RECORDS -
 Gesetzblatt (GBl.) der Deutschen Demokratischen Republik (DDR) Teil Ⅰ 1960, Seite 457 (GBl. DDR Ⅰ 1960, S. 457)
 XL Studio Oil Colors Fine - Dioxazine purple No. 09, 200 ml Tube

---

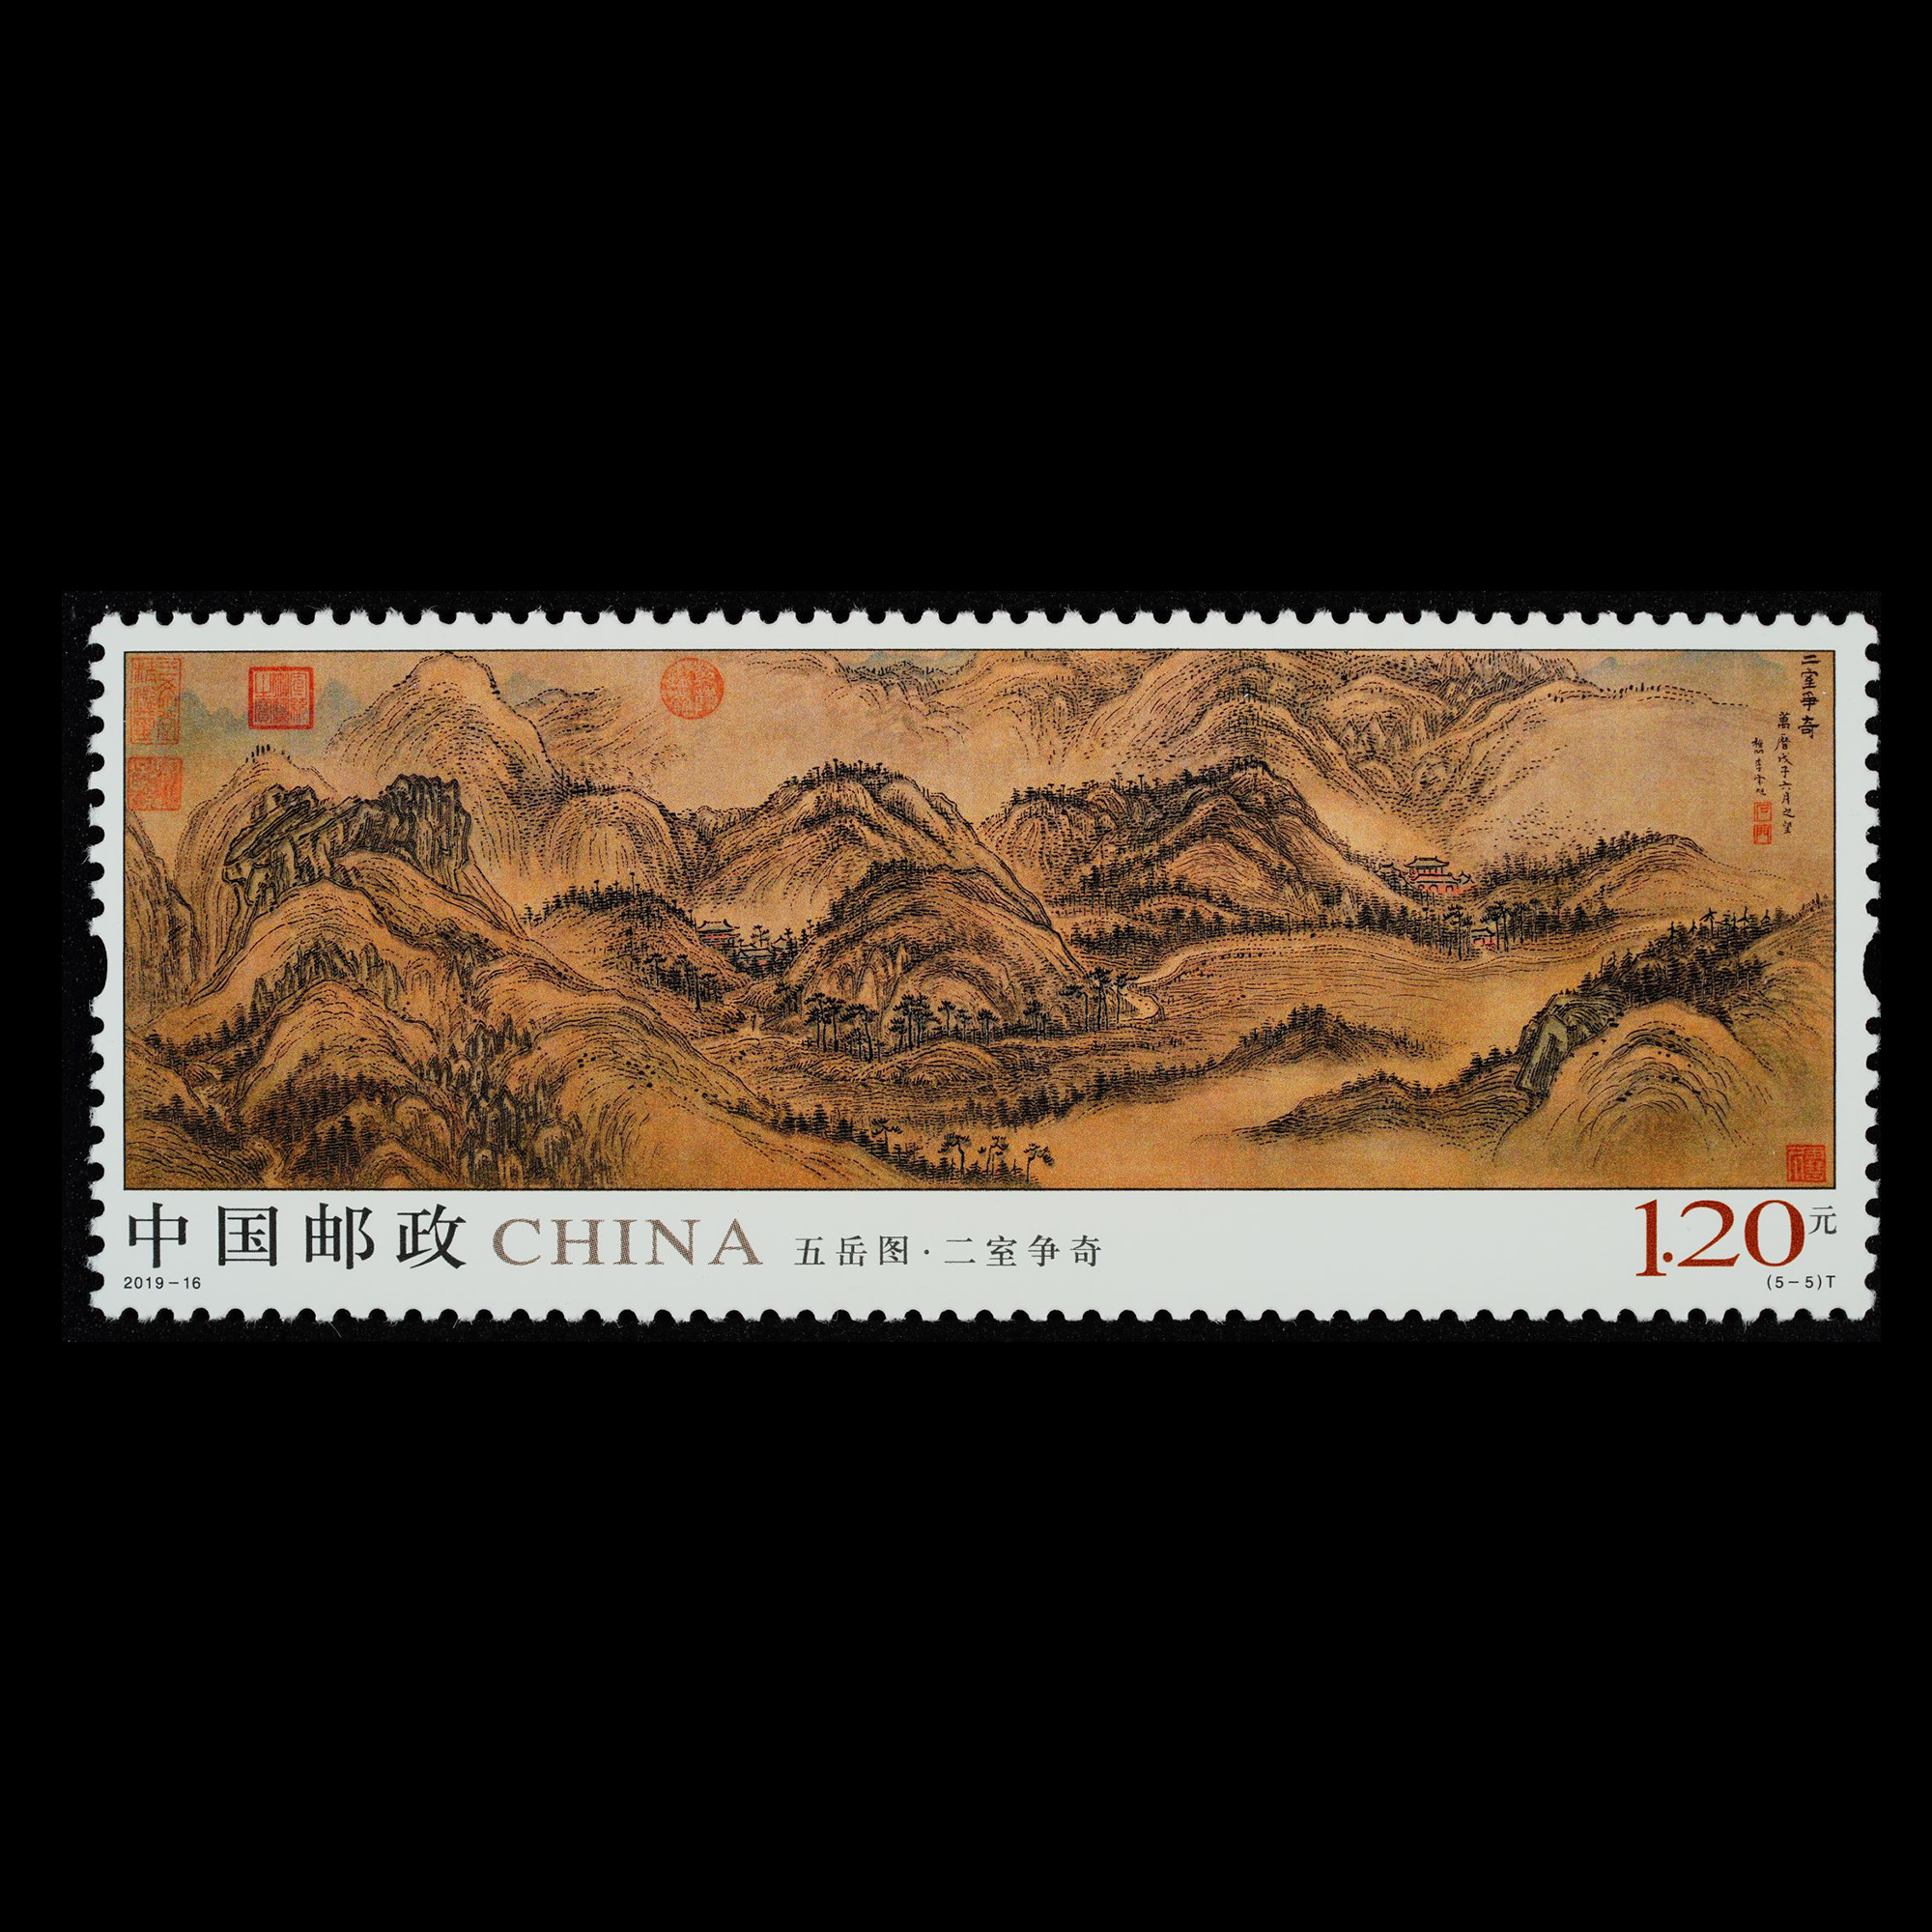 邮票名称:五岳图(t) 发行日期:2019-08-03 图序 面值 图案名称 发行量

* * *

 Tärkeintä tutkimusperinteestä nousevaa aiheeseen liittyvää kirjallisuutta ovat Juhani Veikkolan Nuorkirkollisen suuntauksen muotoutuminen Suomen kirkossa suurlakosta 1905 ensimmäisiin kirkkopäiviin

REQUIRED ACTION - In your answer, include only the lines above starting at the line that holds "Gesetzblatt (GBl.) der" and ending at the line that holds "XL Studio Oil", copied exactly.

THE COMPLETED TASK -
 Gesetzblatt (GBl.) der Deutschen Demokratischen Republik (DDR) Teil Ⅰ 1960, Seite 457 (GBl. DDR Ⅰ 1960, S. 457)
 XL Studio Oil Colors Fine - Dioxazine purple No. 09, 200 ml Tube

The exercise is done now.